It was obvious just how good Matt was when his family moved to Rochester from Long Island last year. His coach Tim Rose remembers the day Matt and his twin brother Will tried out for modified.

"These kids walked in, it was him and his brother, and Matt had just one arm," said modified coach Tim Rose. "After watching Matt it was very clear he was going to make the team. He has no fear, he goes full speed after everything, and goes in after every ground ball."

"I could feel the eyes on me at first," Matt said. "But I love this community, the Pittsford community. Everyone has accepted me right in."

And while Matt's coaches and teammates know what to expect, he still catches his opponents off guard.

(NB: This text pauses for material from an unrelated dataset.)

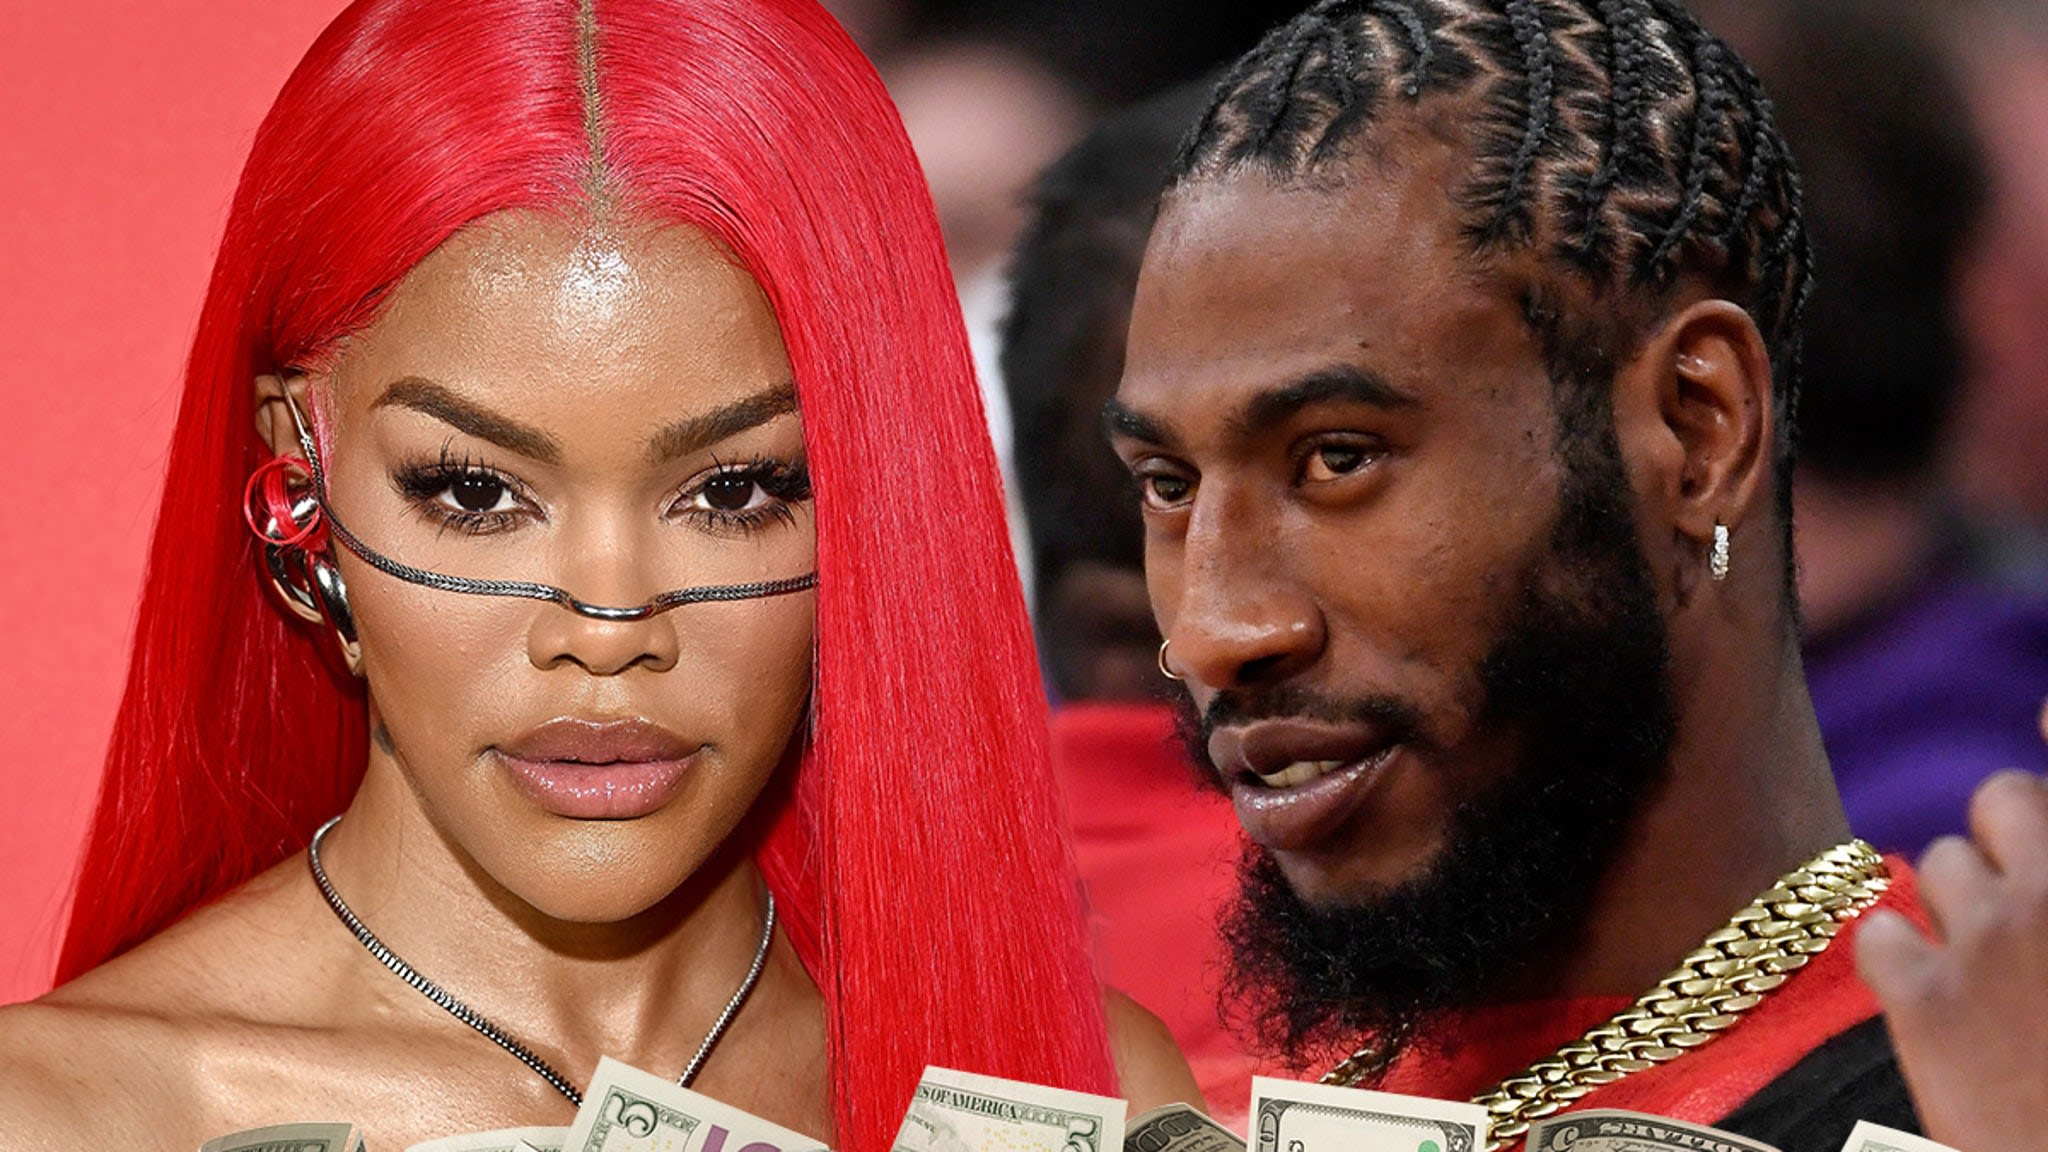 Teyana Taylor's Income Almost Twice Iman Shumpert's, So He Claims in Divorce

"The kid I was playing yesterday actually, he told me that the kid with one arm is good," said Matt's brother Will. He didn’t know it was my brother, he said that he’s really good at lacrosse and he really wouldn’t know."

"It’s an impressive thing to watch," his dad Bill explained. "People don’t realize it because it is so natural. We’ve had instances with referees where we had to tell them prior to the game or else he gets called for one handed checks… once they realize it’s like wow I didn’t know, nad he’s really good. He’s good by the standards of having two hands."


"I would never know anything differently," Matt said. "I learned so many different things differently playing with one hand. Doing anything with one hand, tying my shoes, pullups, anything differently. I would just be another normal kid."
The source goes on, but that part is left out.